Ten men were buried alive while they were illegally digging for artifacts in a village located north of Luxor, Egypt. Two men who survived the collapse of the hole have been arrested.

Spain will return eight artifacts to Egypt that had been looted in 1999, from the tomb of the sixth-dynasty official Eimb Hur in Saqqara. Police in Barcelona seized the objects from suspected smugglers in September 2010.

American archaeologists Elizabeth Stone and Paul Zimansky of Stony Brook University returned to southern Iraq for the first time since the 1990 Gulf War. They started excavating Tell Sakhariya, where they unearthed a herders’ encampment dating to 1800 B.C., human burials, a platform, and parts of inscribed bricks. “It’s very tentative, but the site may be Ga’esh, a place where Ur’s kings went every year for a festival renewing their rulership,” said Stone.

Five sets of human remains found in a mass grave at Duffy’s Cut, located near Philadelphia, were reburied last week. The four men and one woman were just a few of the 57 Irish railroad workers who died shortly after their arrival in America. It was long thought that the immigrants died of cholera, but some of the remains show signs of violence. “They’ll get a real burial that they didn’t have in 1832, that’s for sure,” said historian Bill Watson.

In Japan, clay “haniwa” figures are thought to have been made for ritual use and then buried with the dead, beginning in the fifth century. Archaeologists have discovered fragments of early haniwa figures depicting wrestlers, warriors, a seated person, and horses in the Ishiya burial mound, which is located on Honshu Island, along the coast of the Sea of Japan.

In Brooklyn, New York, members of the Friends and Residents of Greater Gowanus are working with archaeologists to find the burial place of more than 200 Revolutionary War soldiers who were killed during the Battle of Long Island in 1776. The activists are concerned that the cleanup of the canal could turn up the grave. “We have to do a thorough search of British military records,” said archaeologist Chris Ricciari.
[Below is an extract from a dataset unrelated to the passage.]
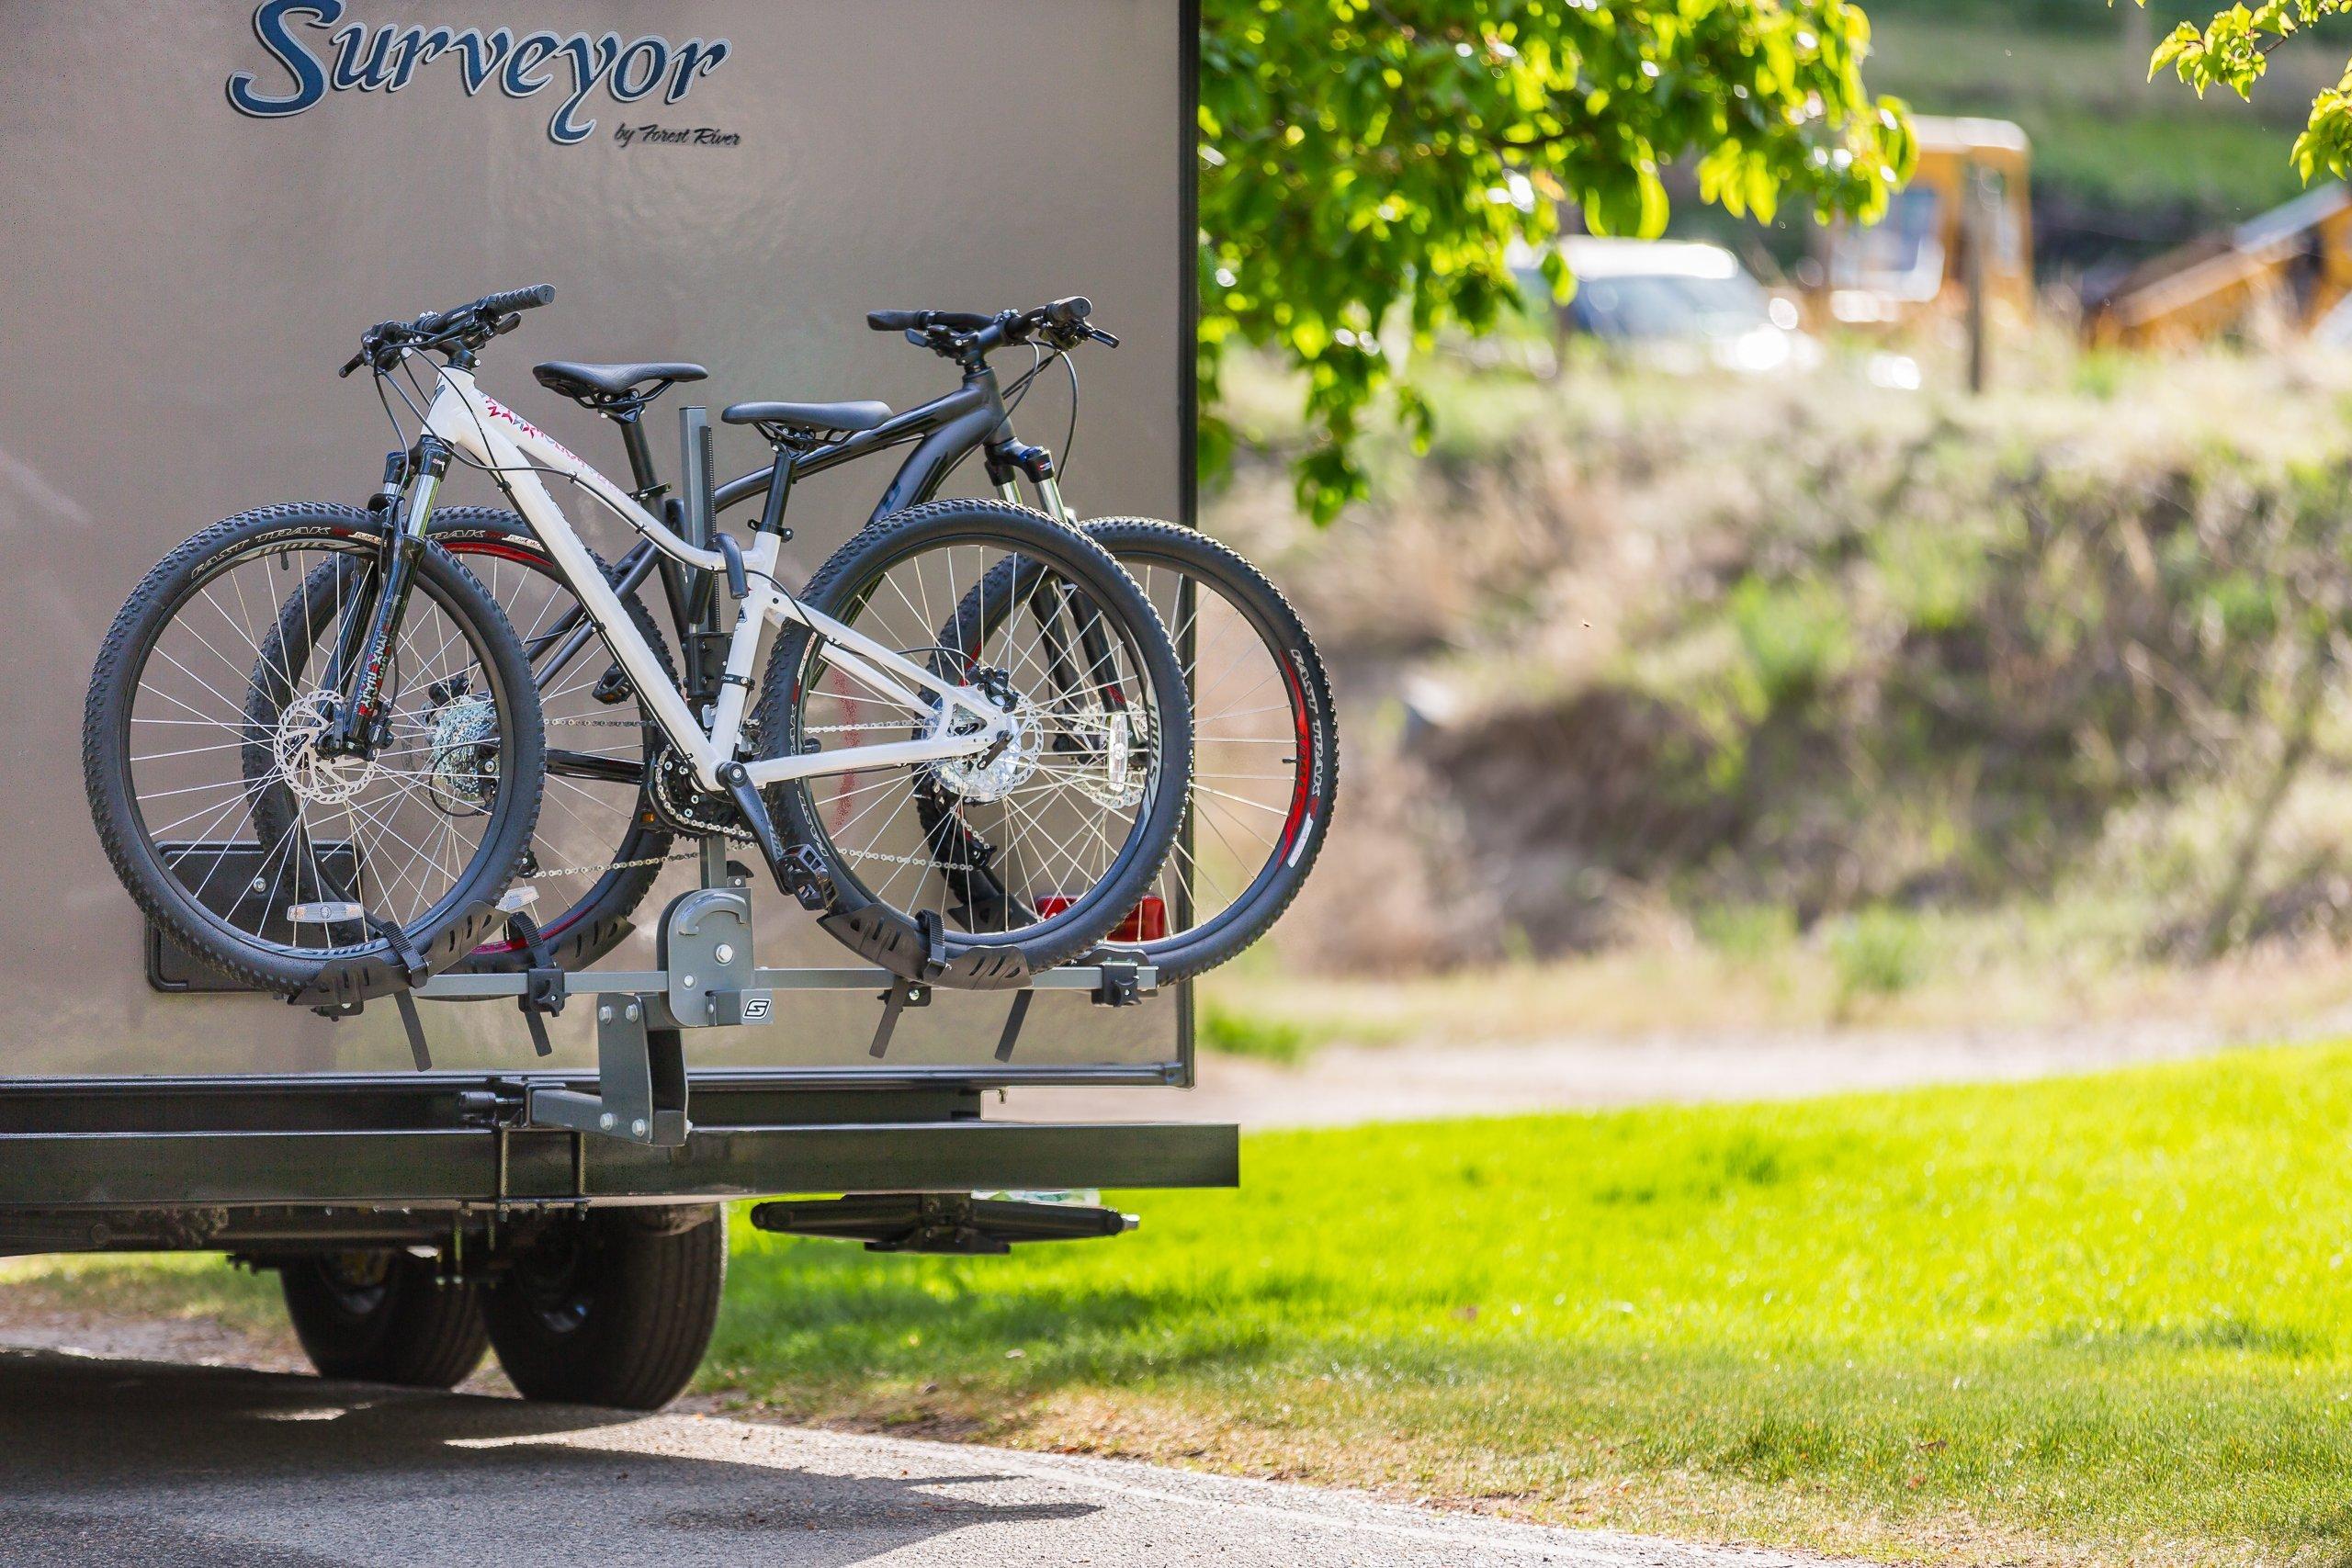 Swagman Bicycle Carriers Non-Folding Bike Dispatch, Grey, 2'' by Swagman Bicycle Carriers (Image #3)

Skeletal remains of 167 people have been recovered from a cave in southern Mexico. The bones could date to the eighth century.

A popular Turkish television show has been accused of damaging an archaeological site within Yarimburgaz Cave by the Culture and Tourism Ministry. Yarimburgaz Cave, which is located near Istanbul, contains the earliest traces of human habitation in Turkey. The producers of the show had reportedly not filed the necessary permits.